Based on the https://docs.google.com/document/d/1ig1rC0dk-ddi33JIqG9EZ4ZSq9xAJpT9fQTPaZFi_vw/edit.
We use a randomly generated 12 bits integer as a mask to match the transaction's signature. If it is matched, we mark the packet for tracking for performance in the Meta's mask. This is used efficiently down stream without doing mask matching. For these matched packets we report processing time for: fetch, sigverify and banking stage.

Fixes #

codecov · 2024-01-19T01:26:53Z

Codecov Report

Attention: Patch coverage is 73.68421% with 40 lines in your changes are missing coverage. Please review.

Project coverage is 81.7%. Comparing base (e8c87e8) to head (5ed6a58).
Report is 1 commits behind head on master.
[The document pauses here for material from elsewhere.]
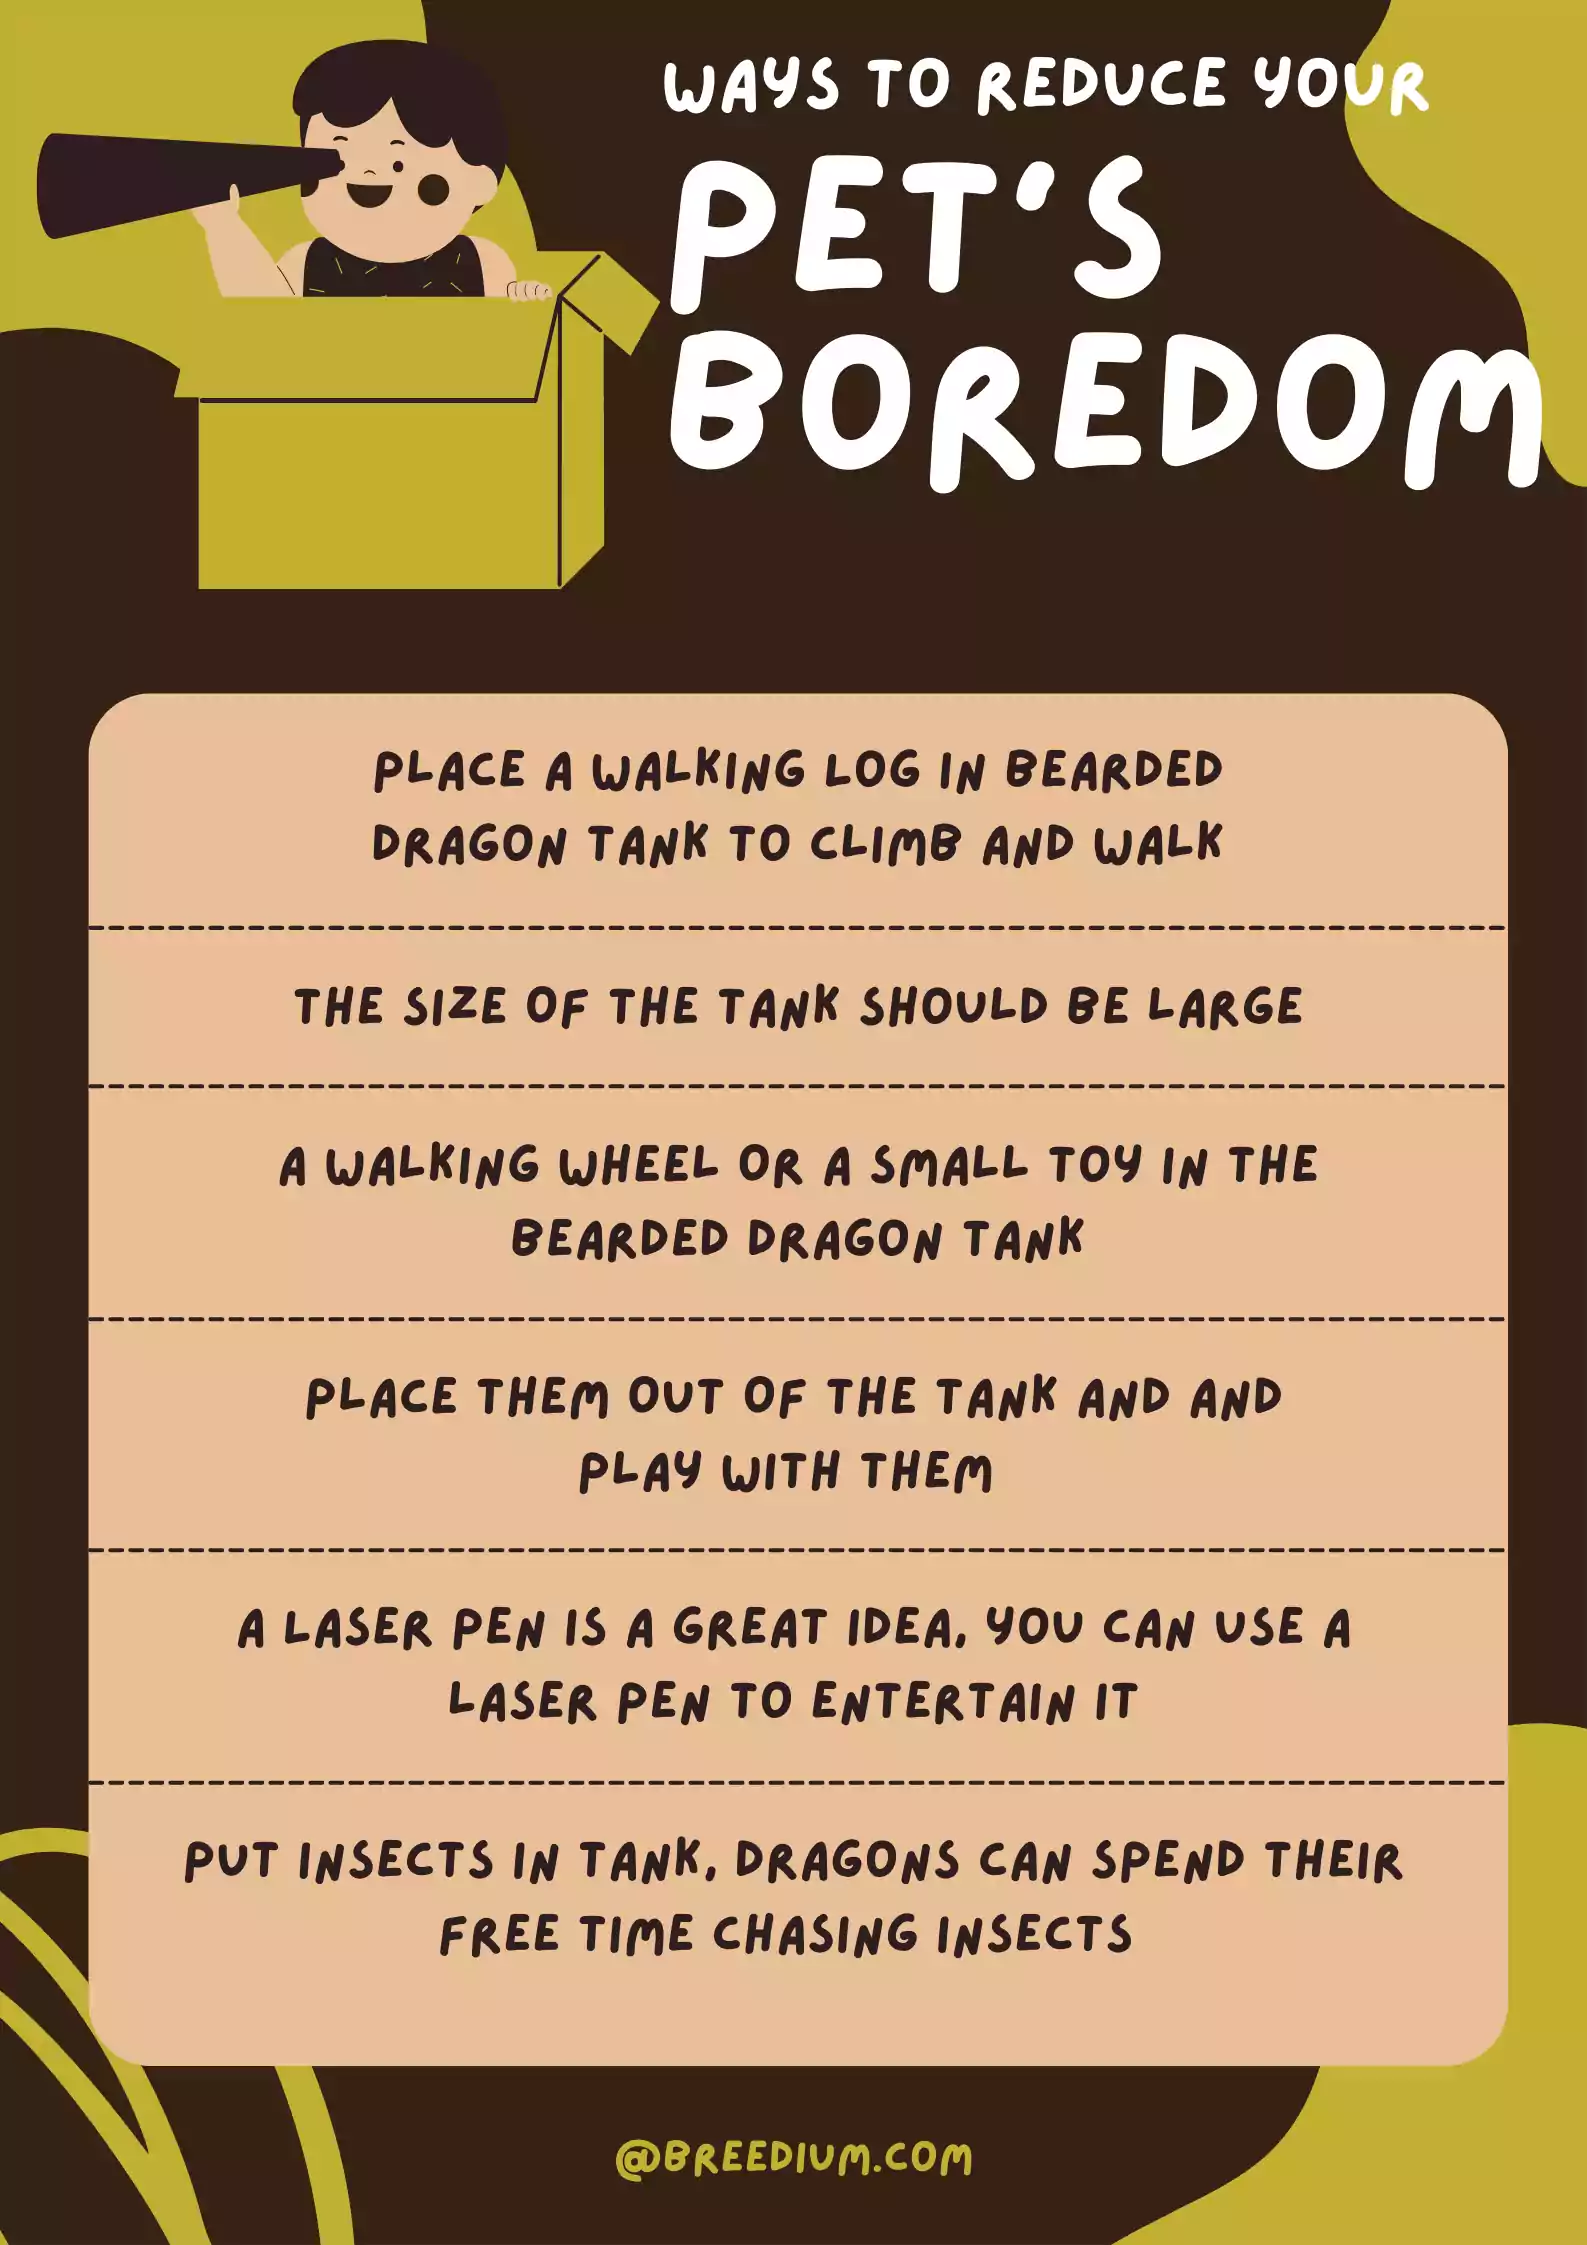 Ways To Reduce Your Pet’s Boredom

❗ Current head 5ed6a58 differs from pull request most recent head 6a4f974. Consider uploading reports for the commit 6a4f974 to get more accurate results

Additional details and impacted files

@@            Coverage Diff            @@
##           master   #34789     +/-   ##
=========================================
- Coverage    81.8%    81.7%   -0.1%     
=========================================
  Files         834      835      +1     
  Lines      224815   224966    +151     
=========================================
+ Hits       183919   184006     +87     
- Misses      40896    40960     +64

t-nelson

can you run some benchmarks with and without this tracking. it seems extremely likely to add detrimental overhead

core/src/banking_stage/consumer.rs

t-nelson · 2024-01-23T01:54:50Z

core/src/banking_stage/consumer.rs

@@ -206,6 +206,26 @@ impl Consumer {
            .slot_metrics_tracker
            .increment_retryable_packets_count(retryable_transaction_indexes.len() as u64);

+        // Now we track the performance for the interested transactions which is not in the retryable_transaction_indexes
+        // We assume the retryable_transaction_indexes is already sorted.
+        for (index, packet) in packets_to_process.iter().enumerate() {


is there somewhere that we can put this where we aren't adding an iteration?

I do not see an easy way to do that -- I would like avoid smudge on the SanitizedTransaction. But I think I can make this more efficient -- I do not need the binary search on the retryable index, I could do it in one simple loop.

are the actual iterations not like one stack frame deeper in most cases?

This is done many levels down using SanitizedTransaction which does not have information about the start_time.

This probably needs to be done elsewhere; this is never called with the new scheduler (for non-votes), so we'd never get any metrics if that's enabled. By the time this change gets in, it will be the default.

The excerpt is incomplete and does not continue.